◆ **BRIEF**
Write the listing below out again in full, dropping its pictures.

::: RAW DATA :::

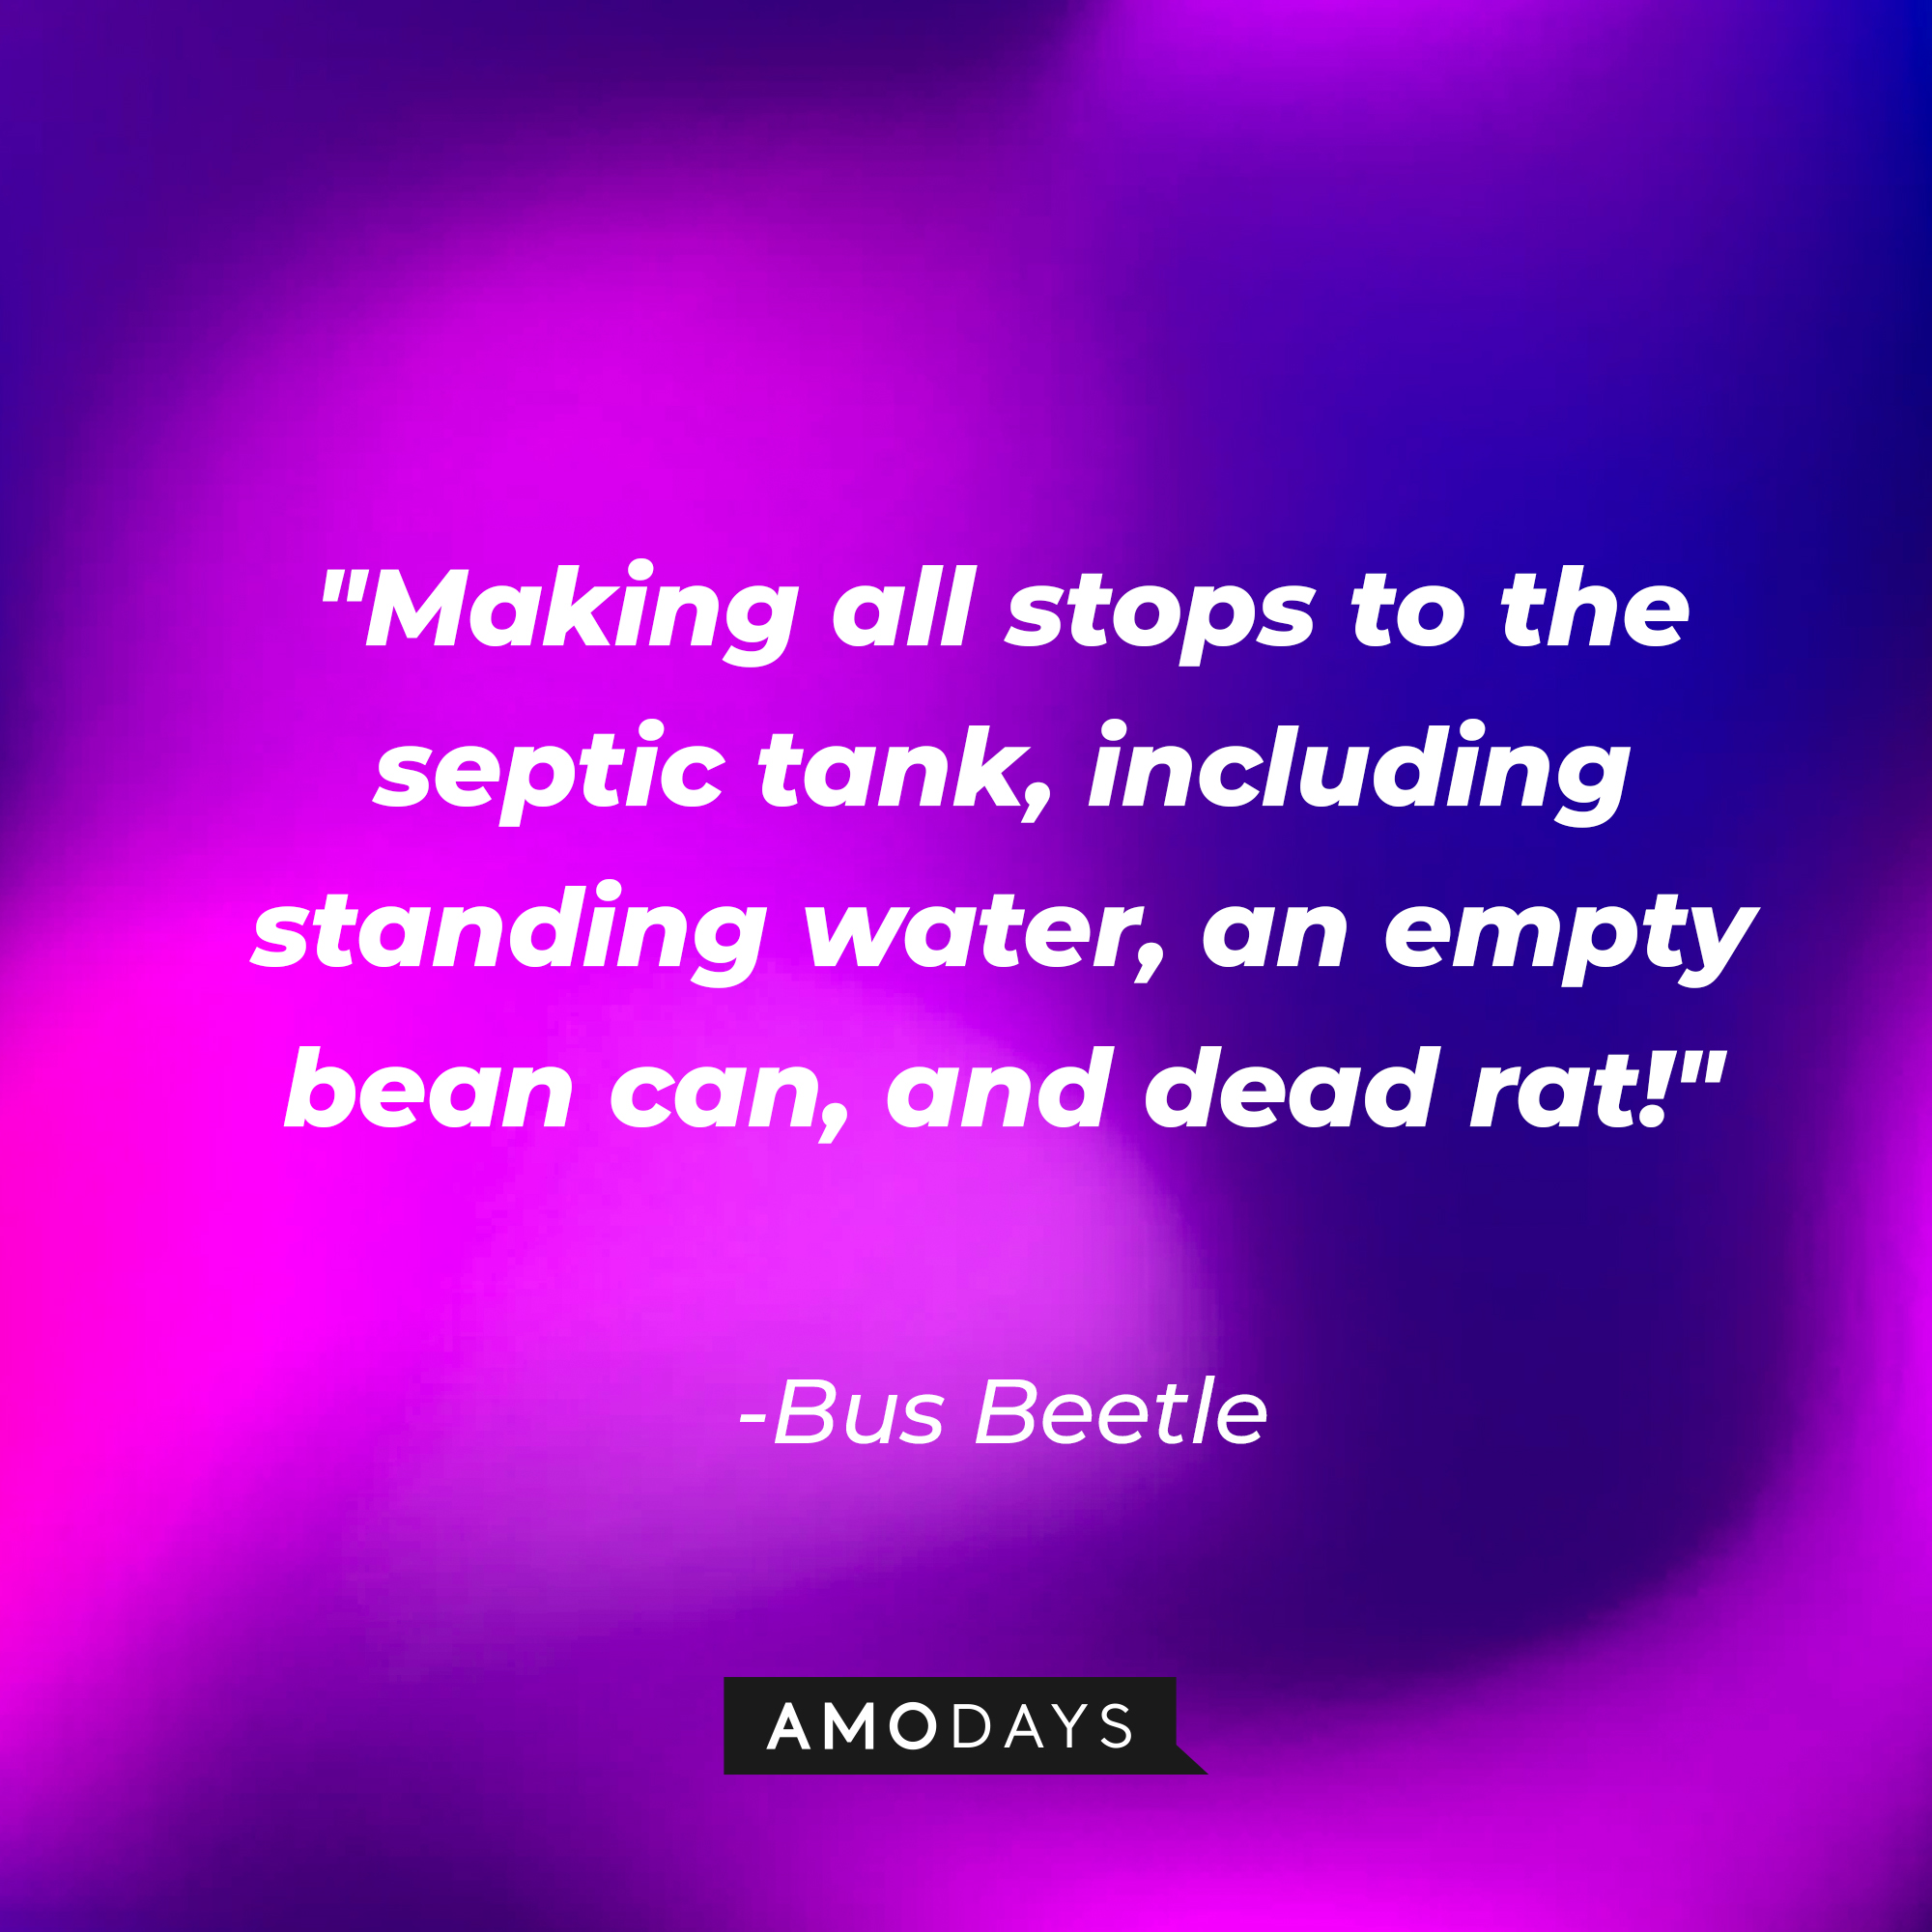 Bus Beetle's quote: "Making all stops to the septic tank, including standing water, an empty bean can, and dead rat!" | Source: AmoDays
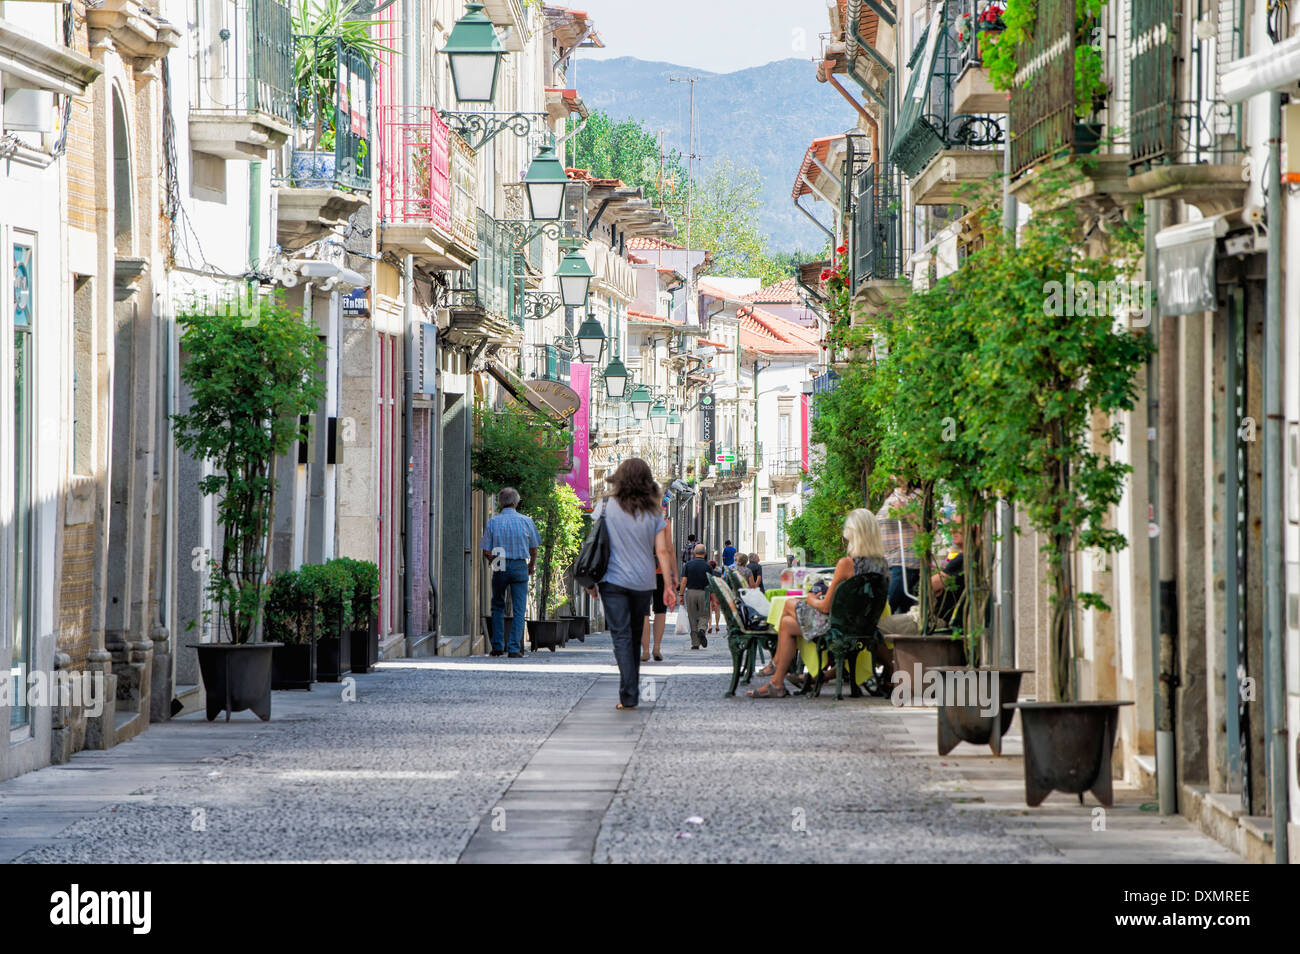 Viana High Resolution Stock Photography and Images - Alamy
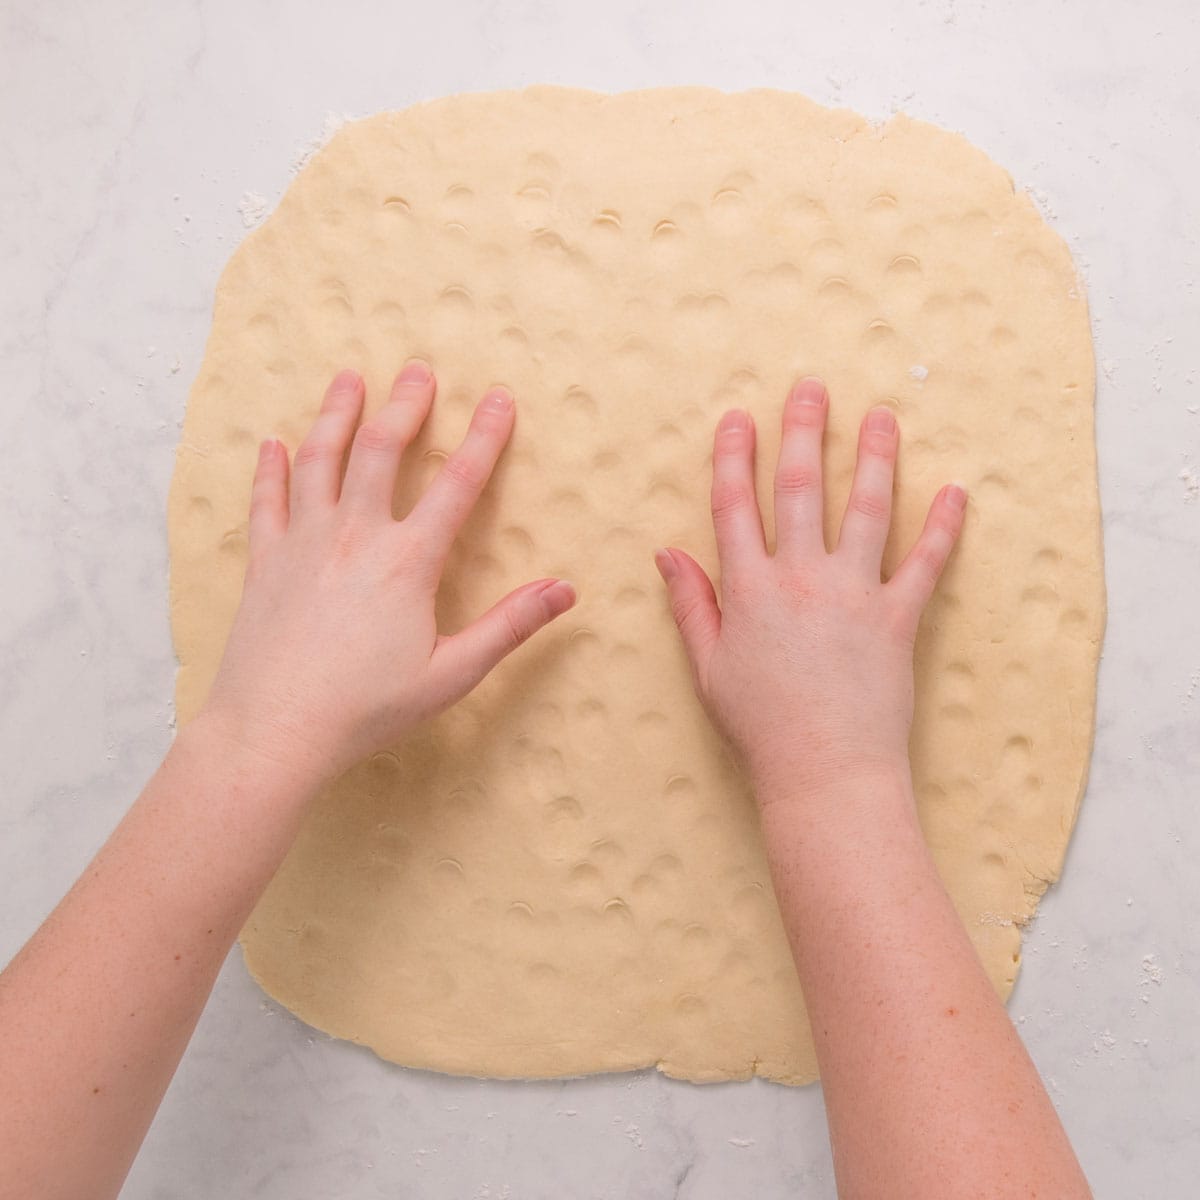 Hands lightly pressing the surface of the dough to create dimples all over.

:::

◆ **RESPONSE TO THIS TASK**
 Bus Beetle's quote: "Making all stops to the septic tank, including standing water, an empty bean can, and dead rat!" | Source: AmoDays
 Viana High Resolution Stock Photography and Images - Alamy
 Hands lightly pressing the surface of the dough to create dimples all over.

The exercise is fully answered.